▶ _TASK_:
For this exercise, write out the full listing that follows exactly and skip its pictures.

▶ _SUPPLIED INFORMATION_:
--- START ---
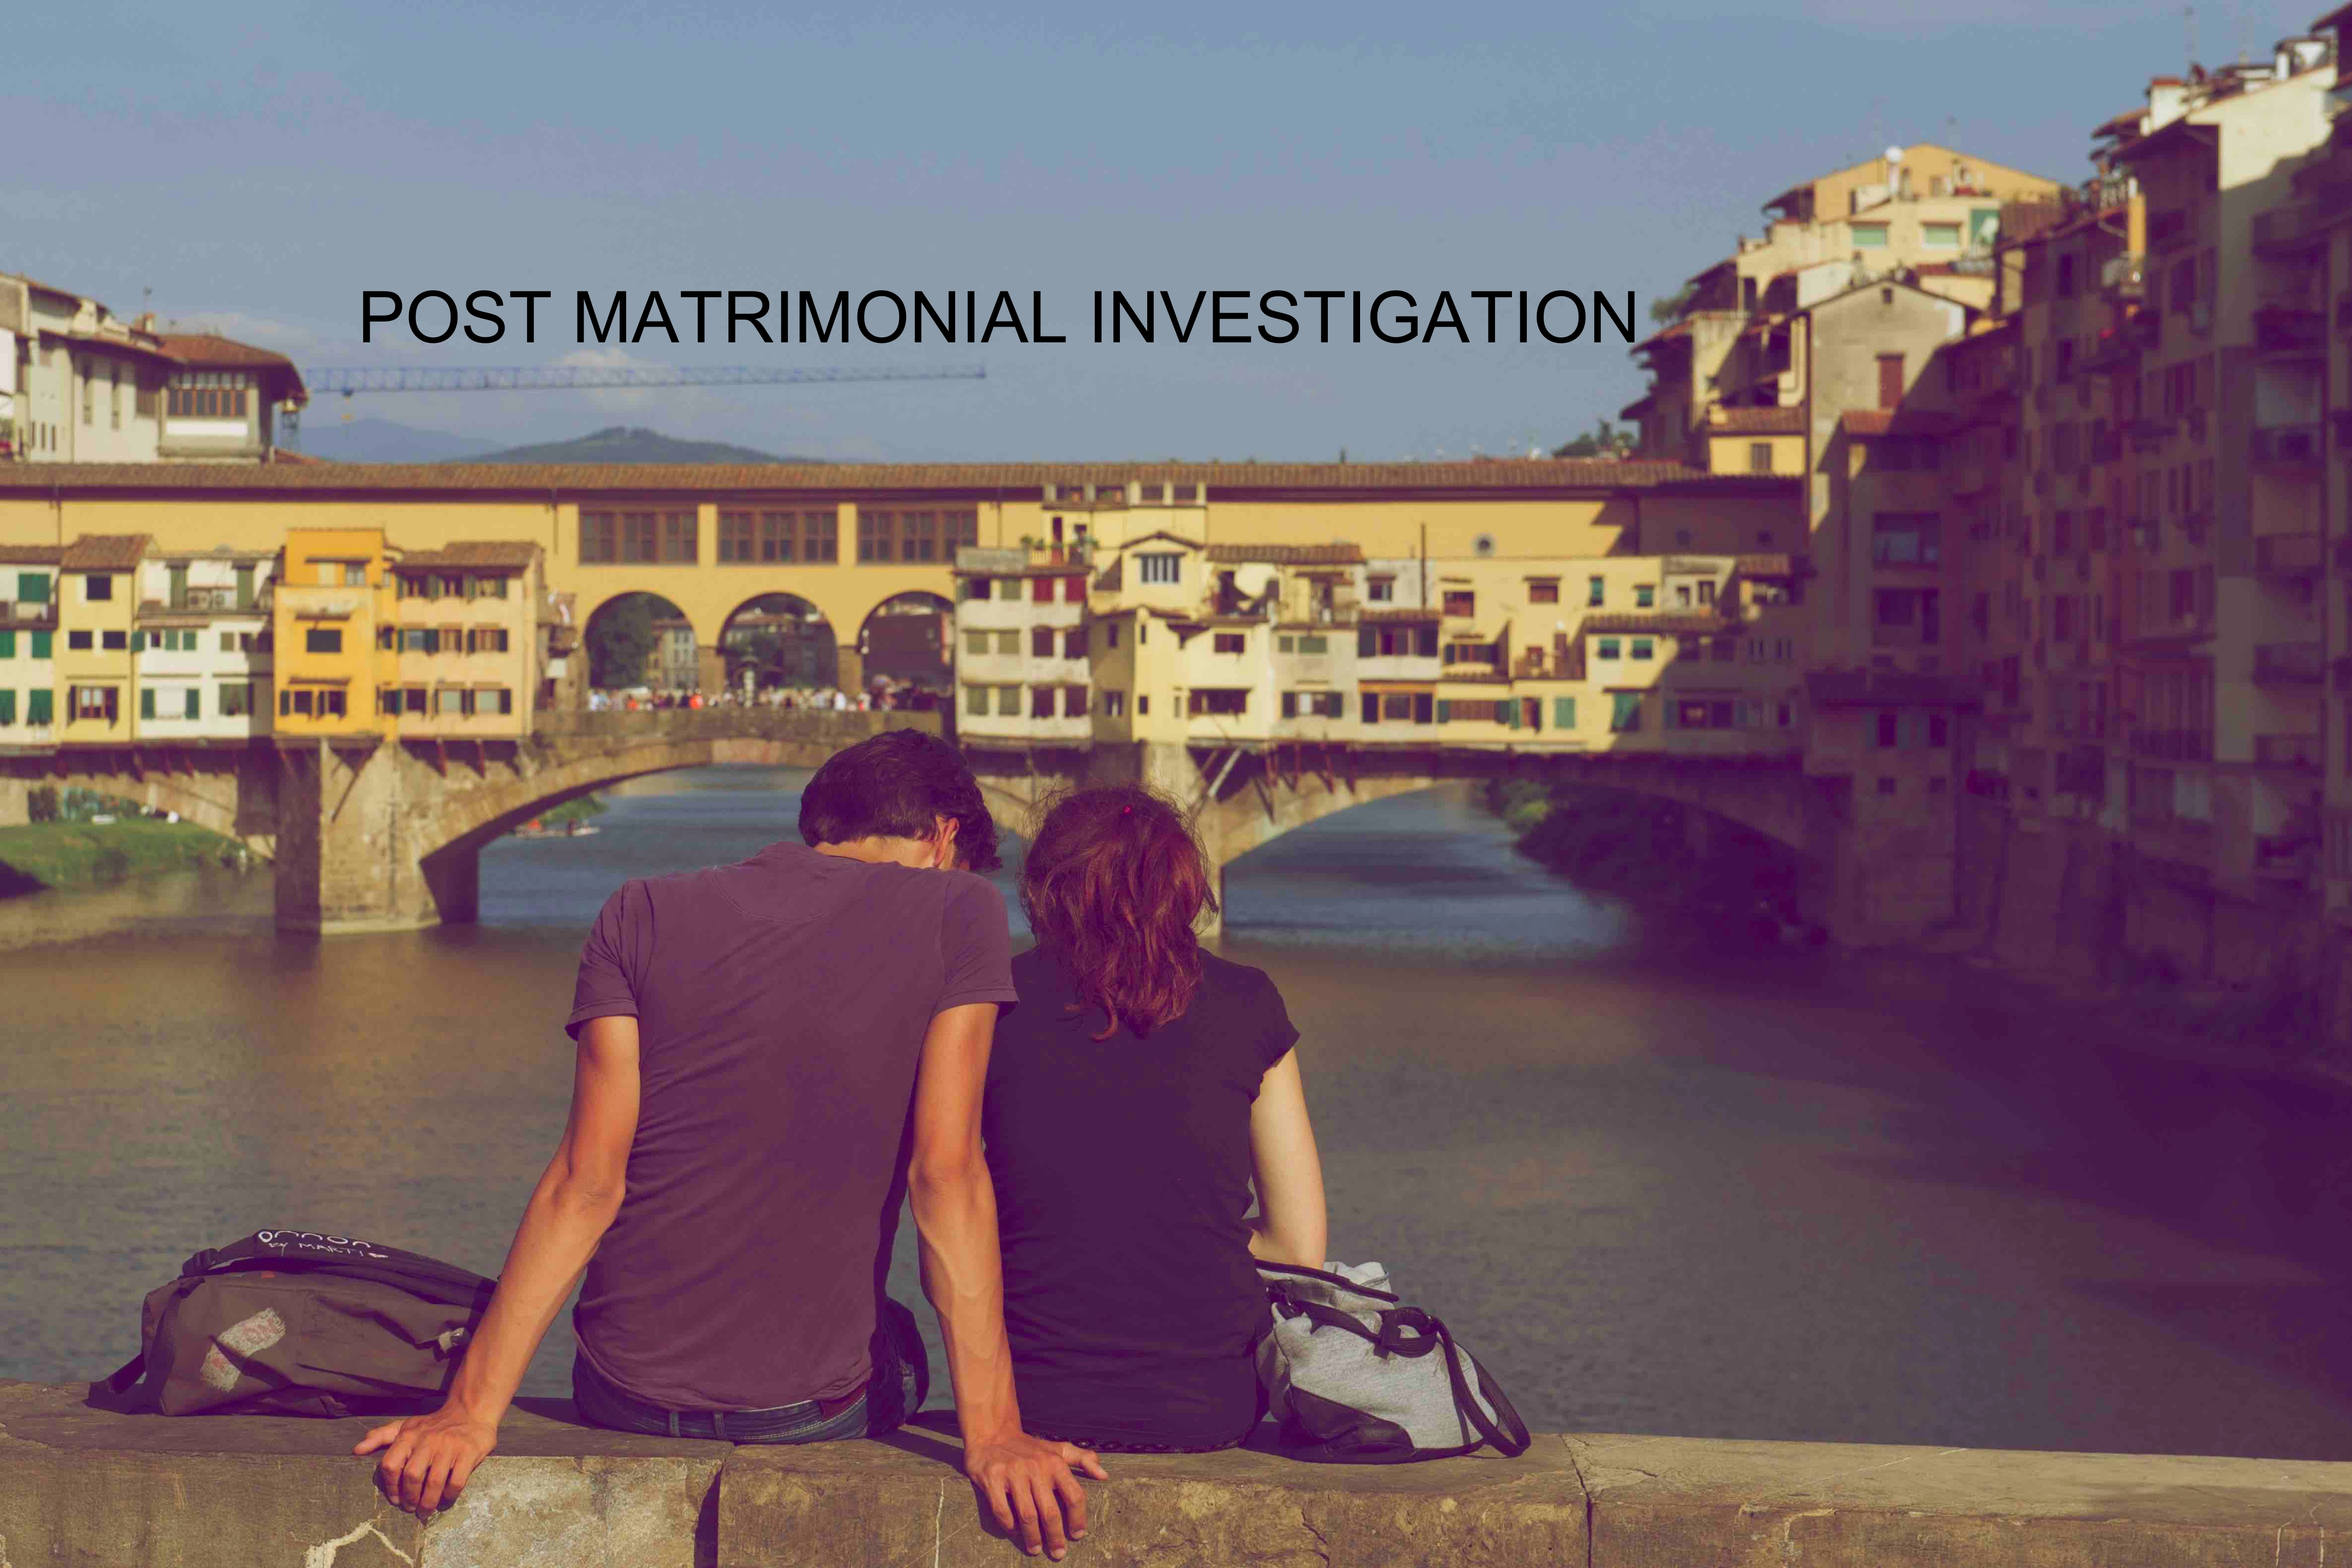 post matrimonial investigation
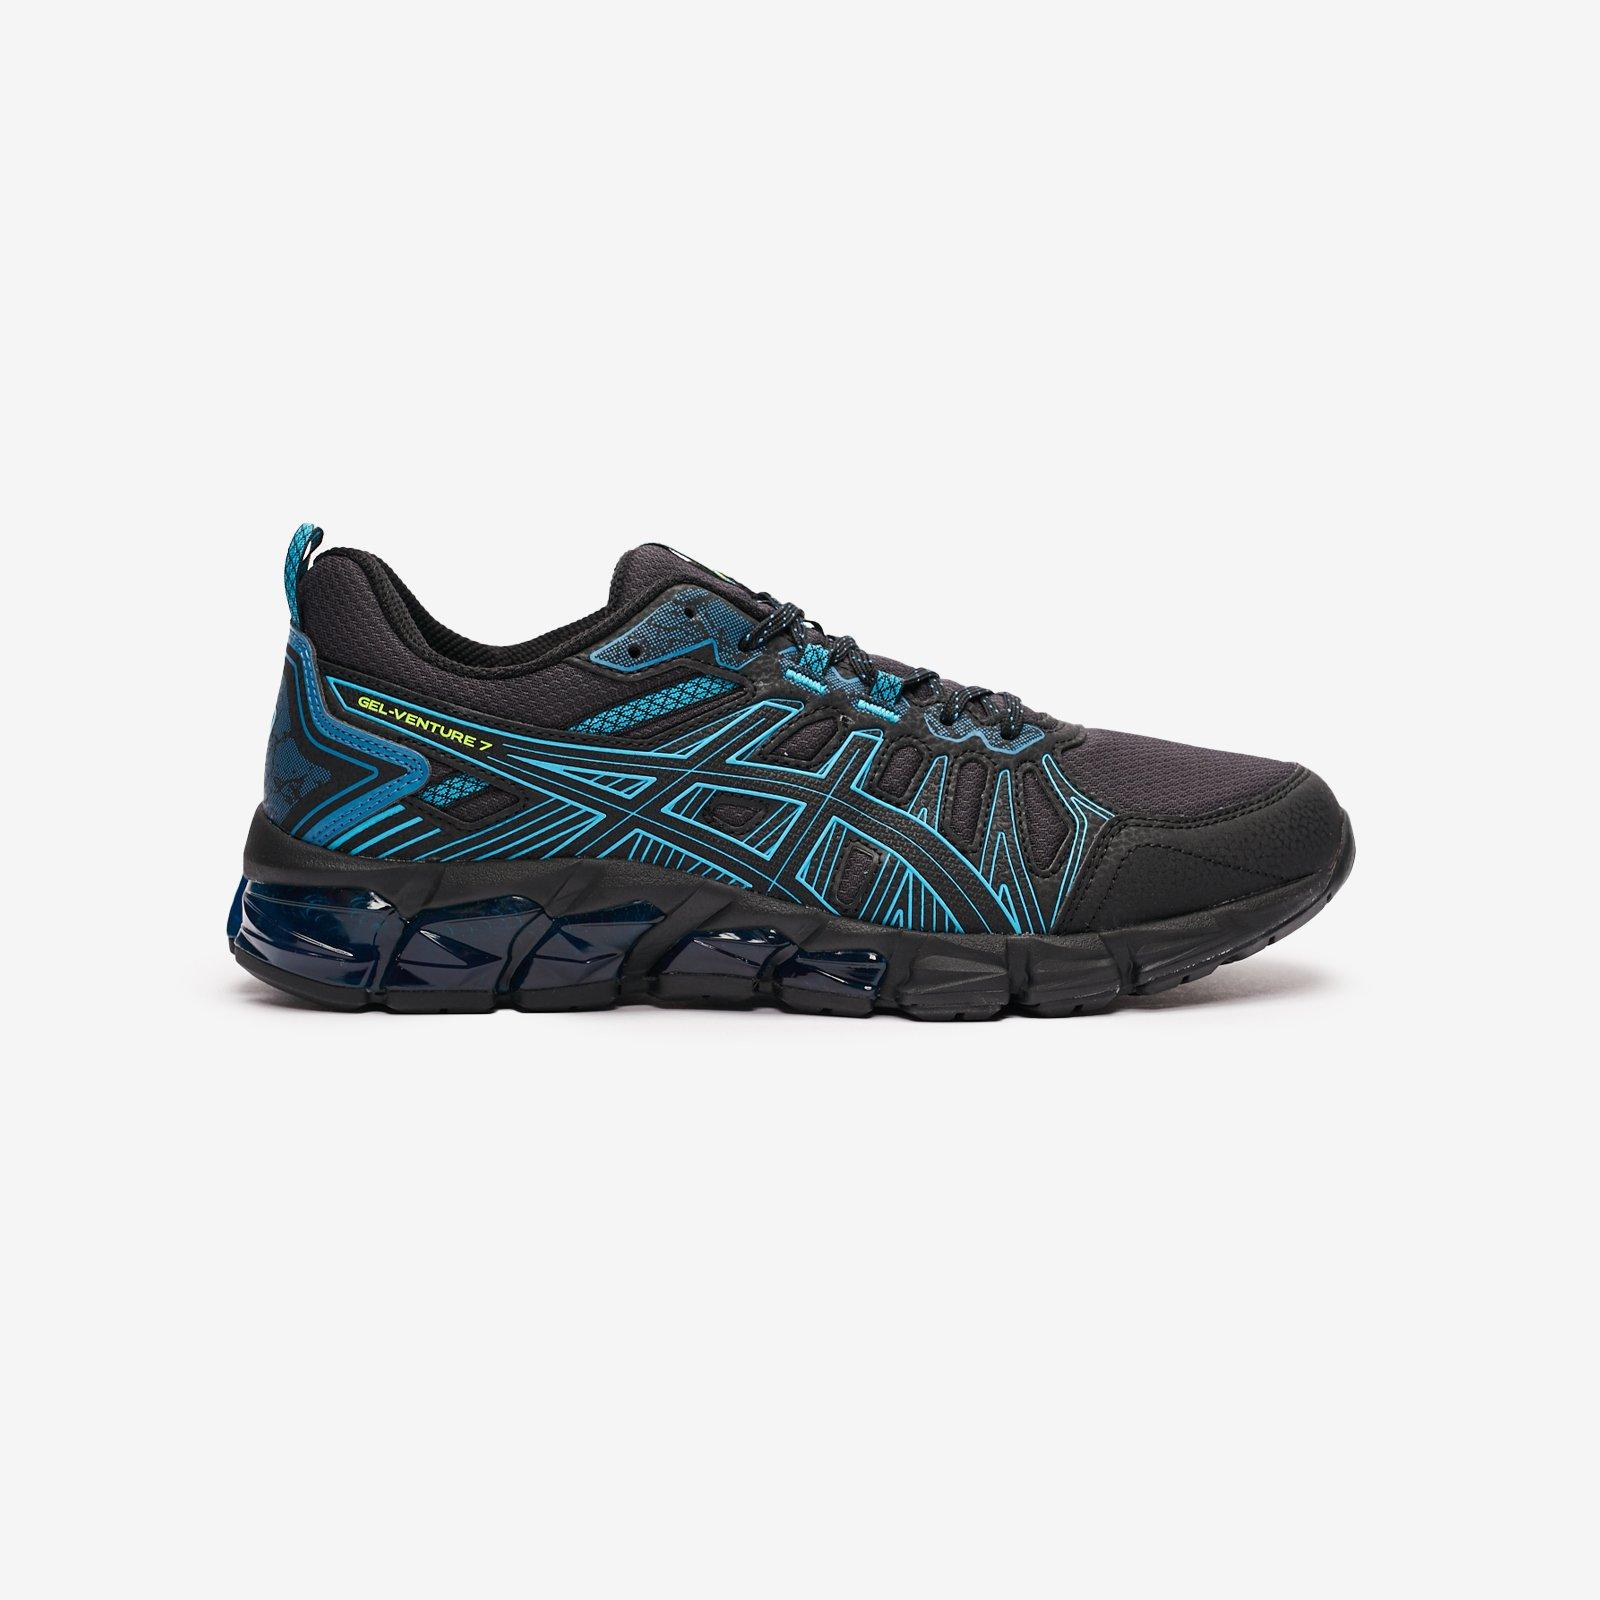 Asics Sportstyle Gel-Venture 180 - 1201a279-004 - SNS   sneakers ...
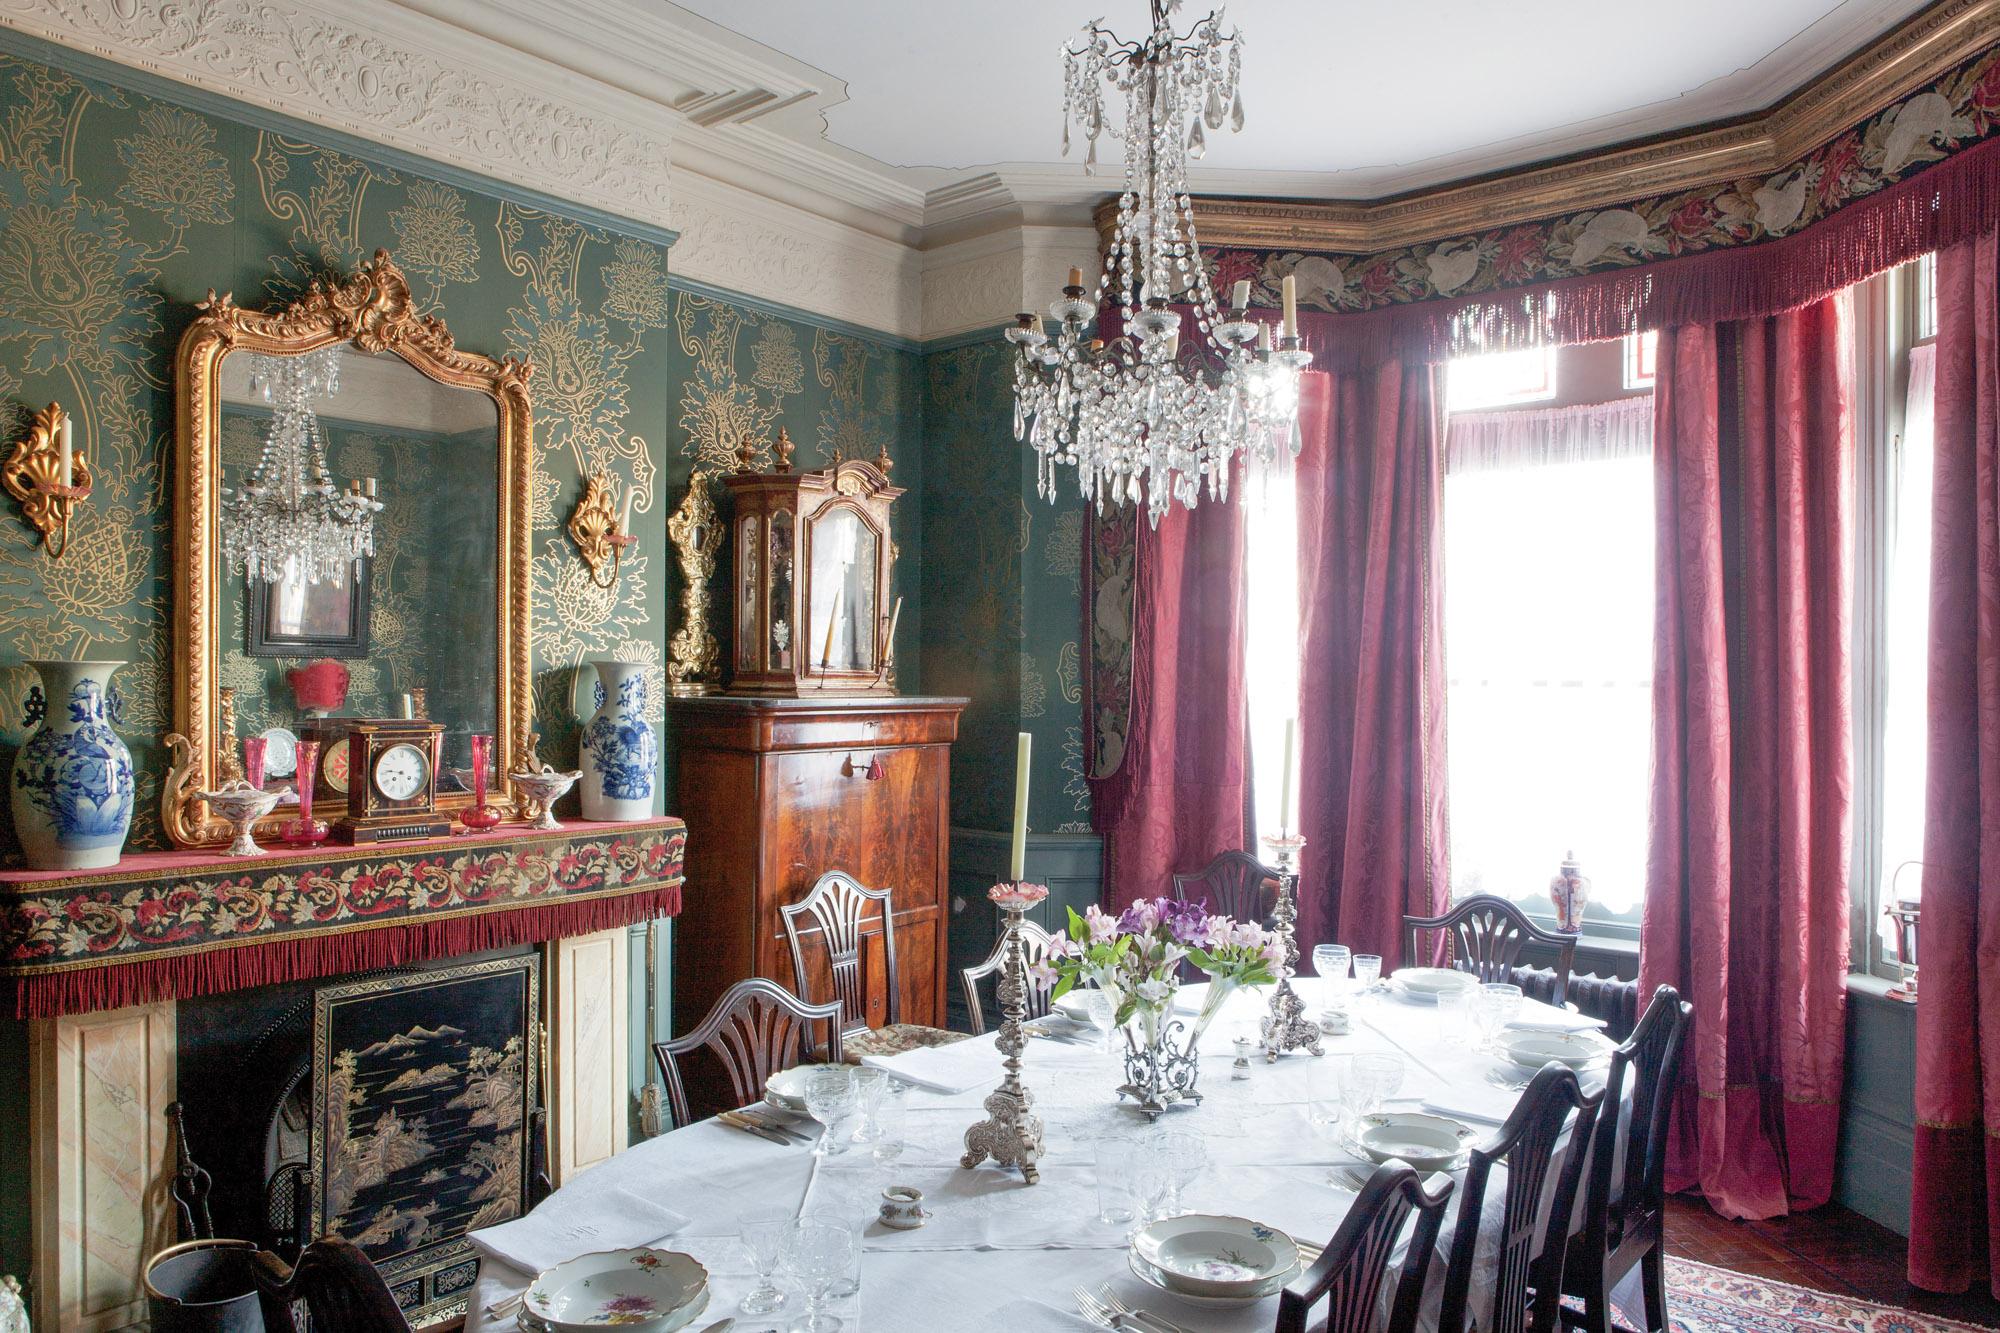 St. Benedict dining room
--- END ---
▶ _THE COMPLETED TASK_:
 post matrimonial investigation
 Asics Sportstyle Gel-Venture 180 - 1201a279-004 - SNS   sneakers ...
 St. Benedict dining room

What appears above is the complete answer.